Given information.

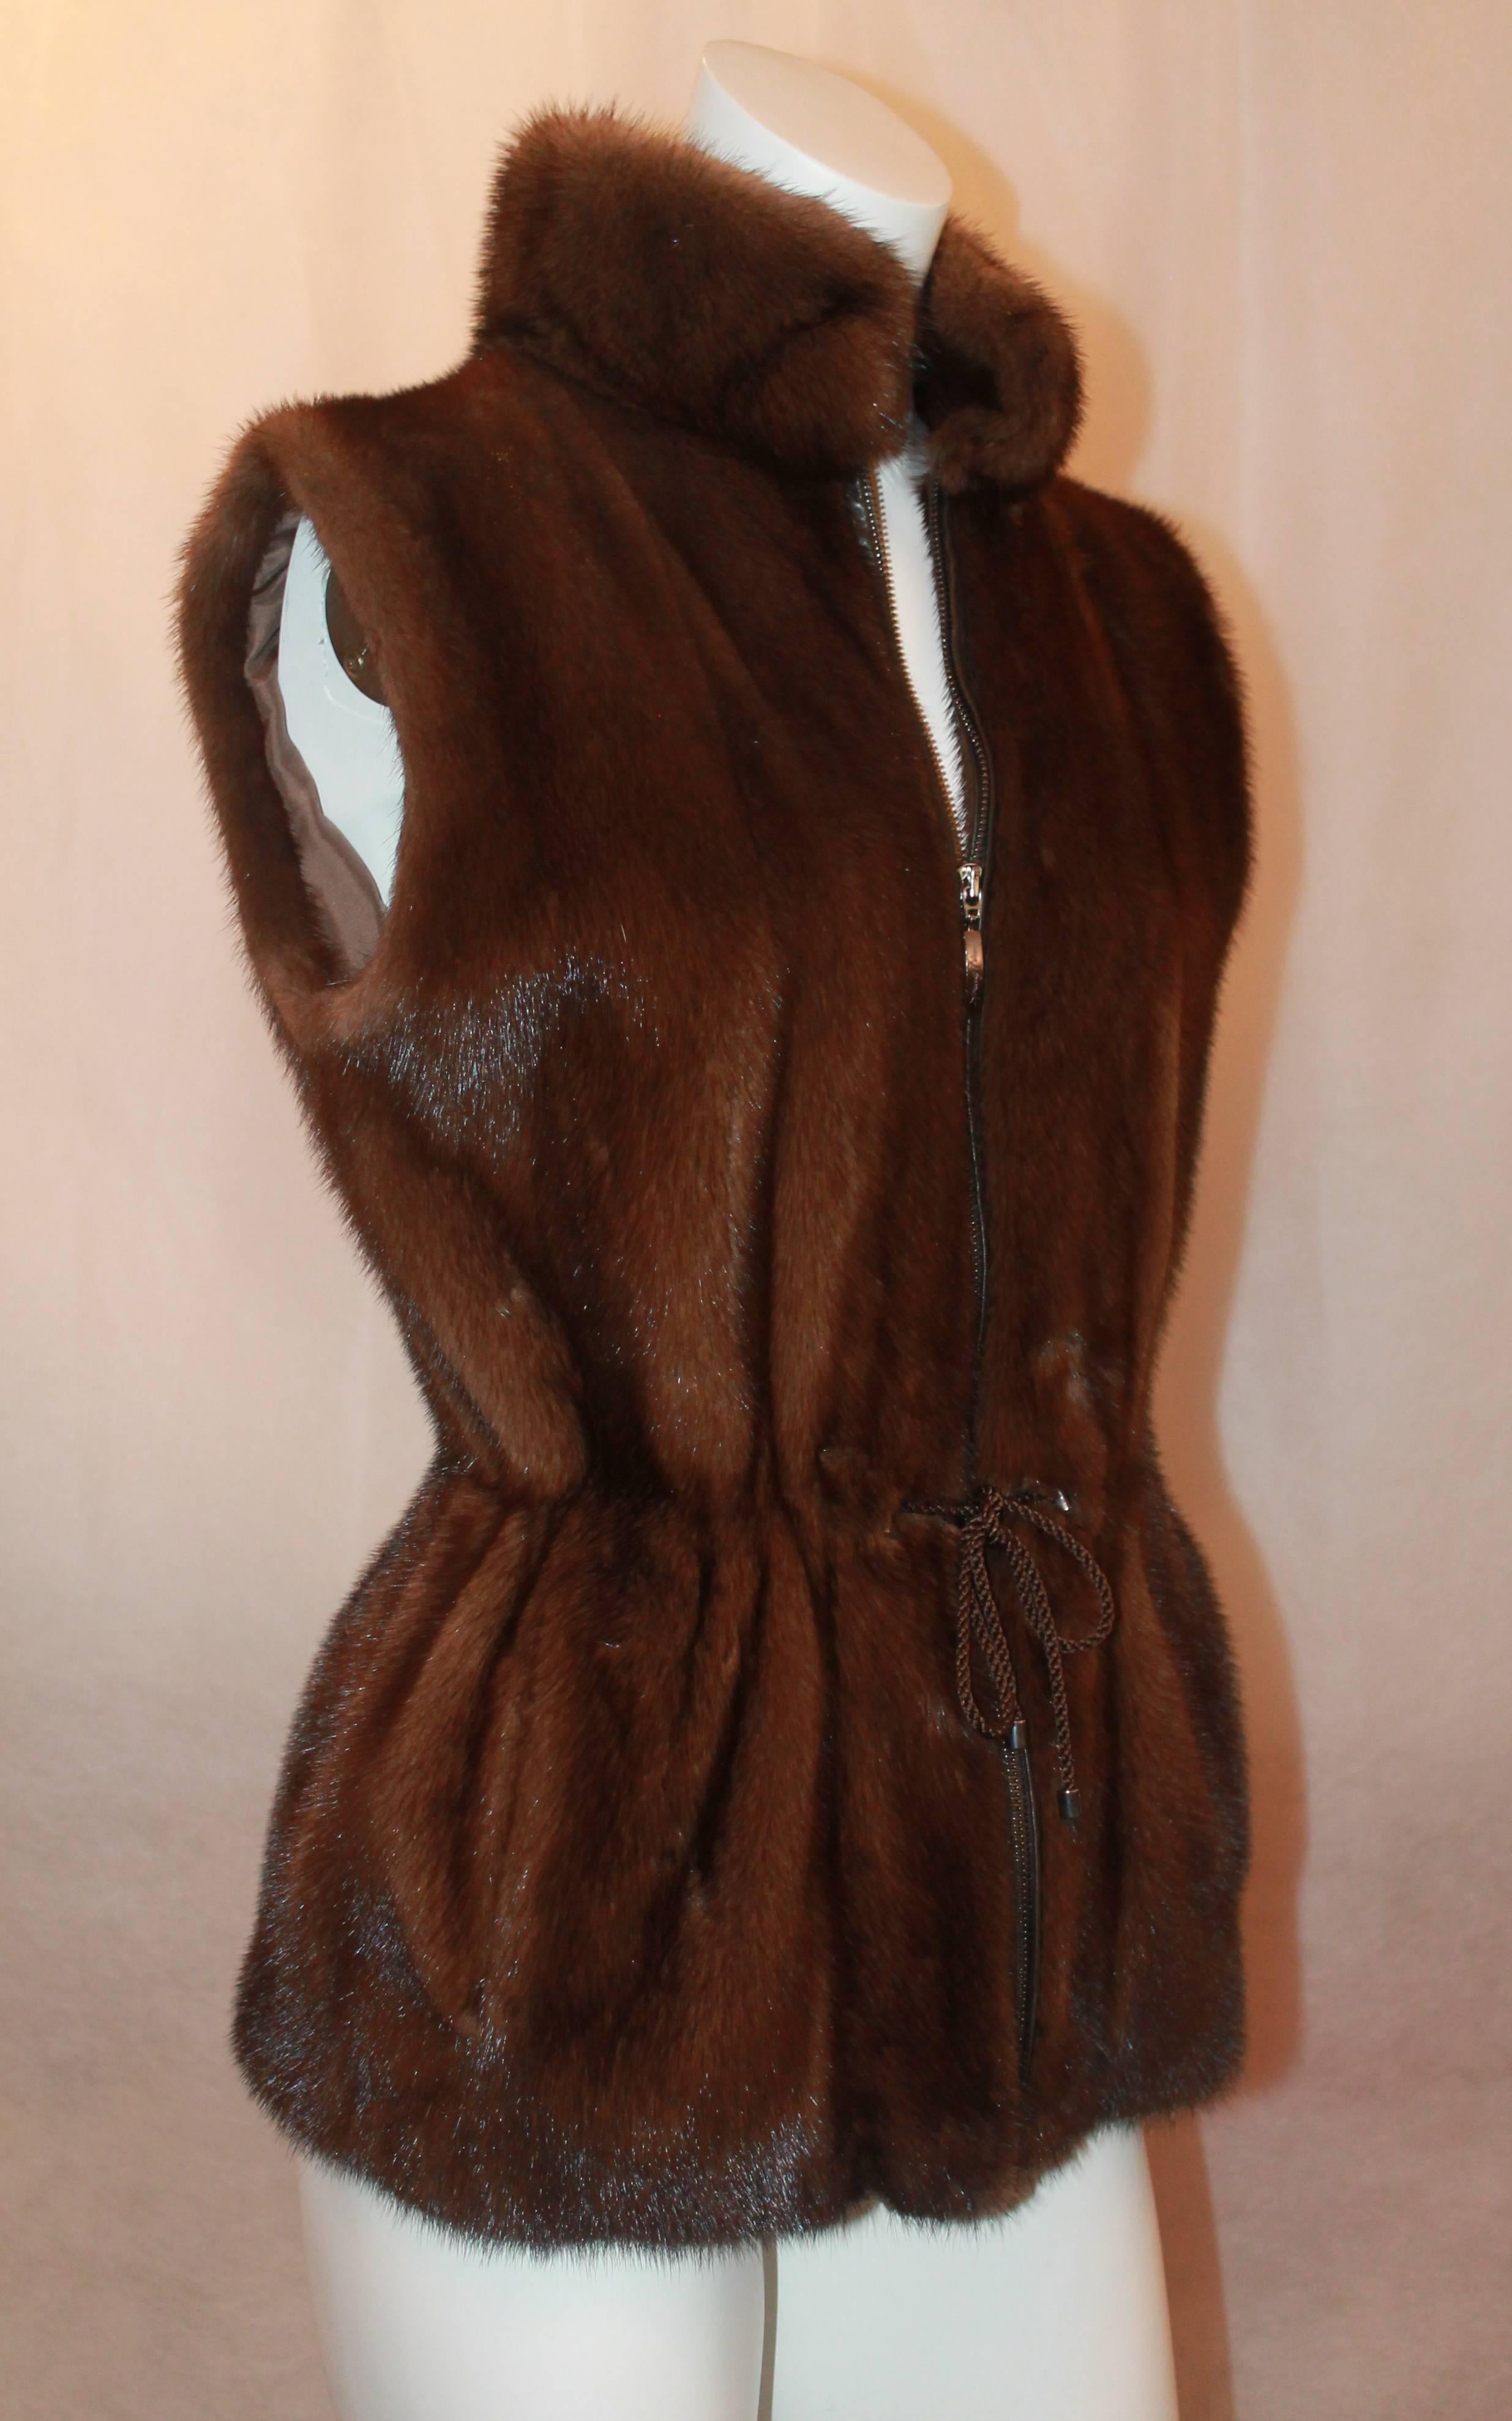 Sprung Freres Brown Mink Vest w/ Collar & Waist w/ Cinching Tie - 36.  This beautiful vest is in excellent condition.  It features gorgeous brown mink fur, a cinched waist with a ties, a full front zipper, and two front pockets.  This is a very
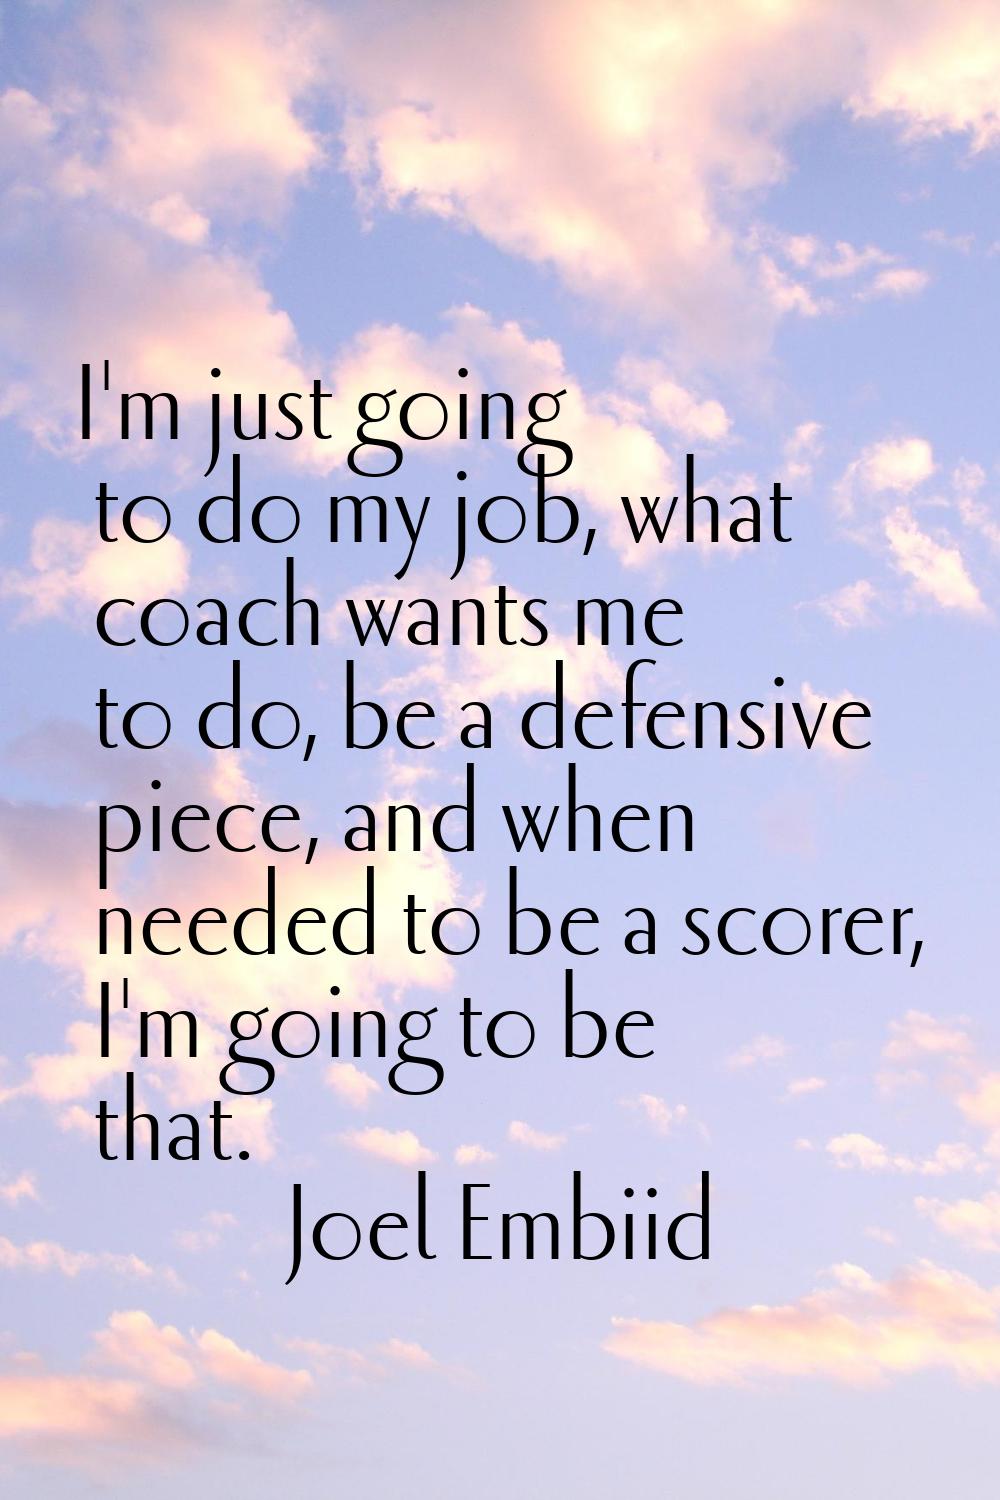 I'm just going to do my job, what coach wants me to do, be a defensive piece, and when needed to be
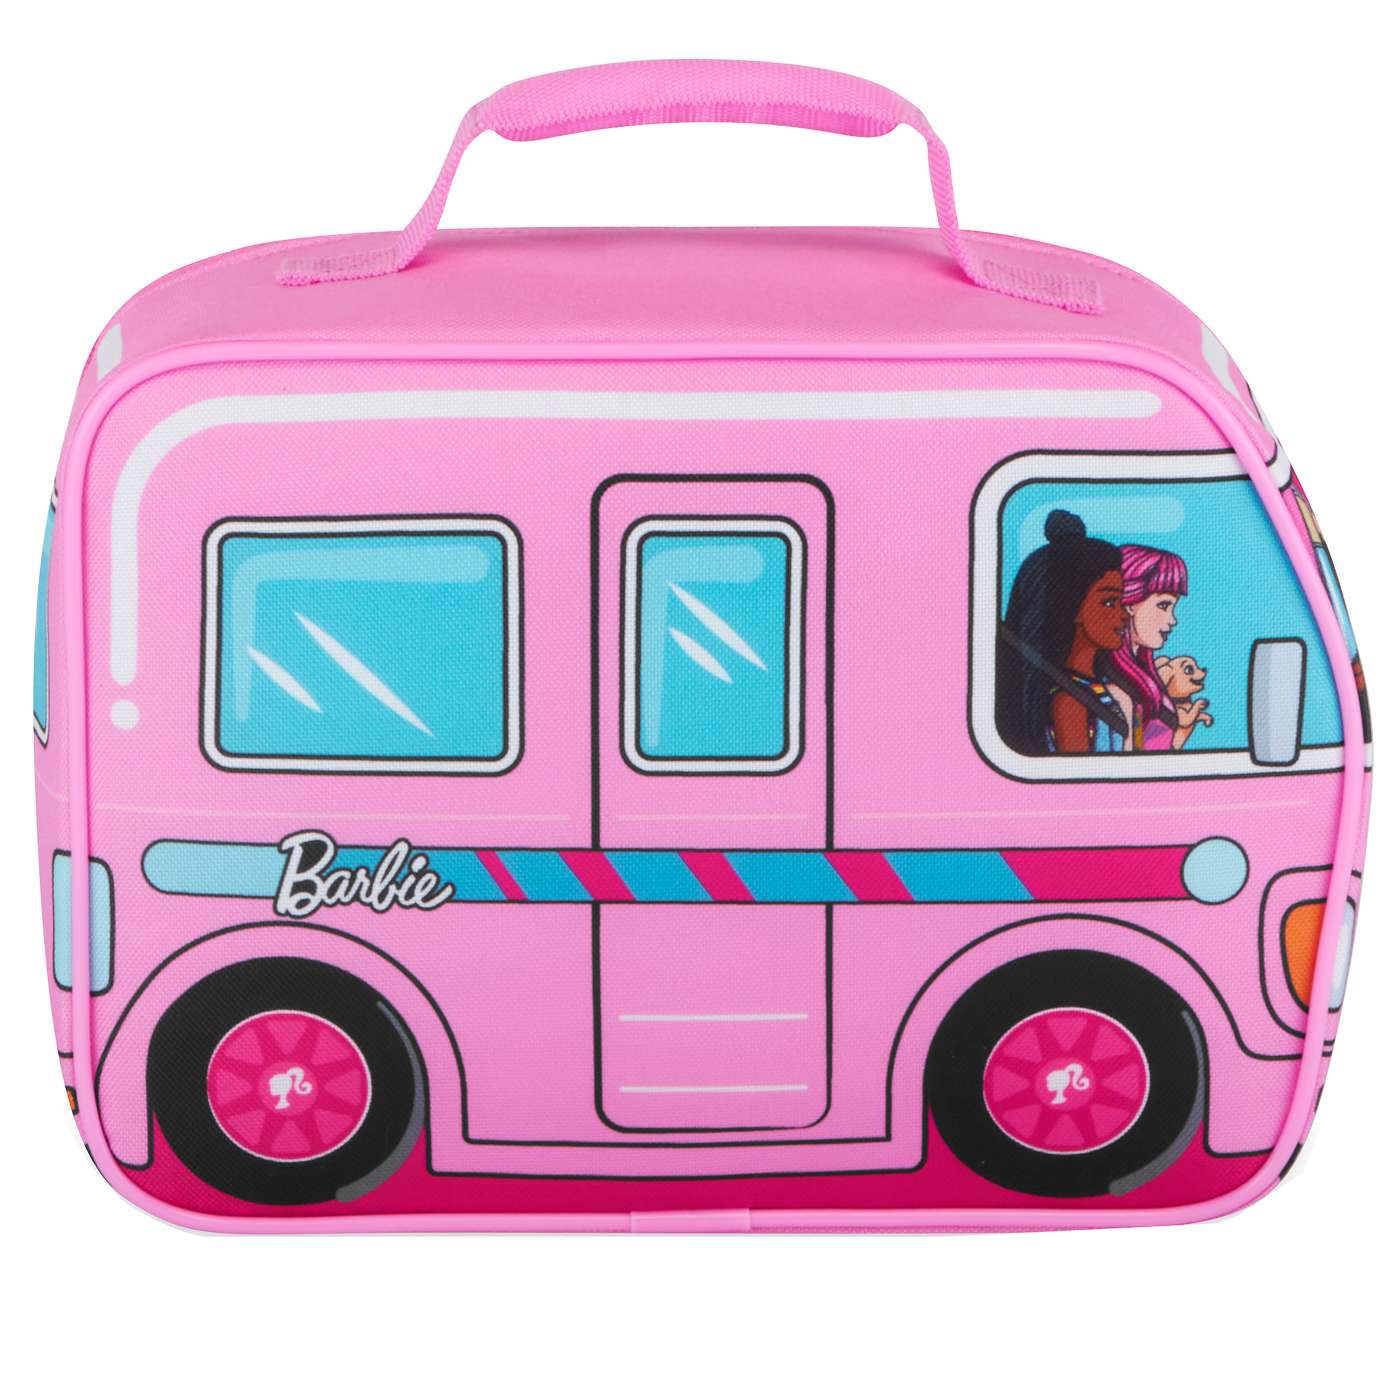 Barbie Lunch Box - baby & kid stuff - by owner - household sale - craigslist

Exercise.
Please print exactly the lines from the one holding "I'm just going" through the final line of the data above, including both, and skip all pictures.

Worked solution.
 I'm just going to do my job, what coach wants me to do, be a defensive piece, and when needed to be
 Barbie Lunch Box - baby & kid stuff - by owner - household sale - craigslist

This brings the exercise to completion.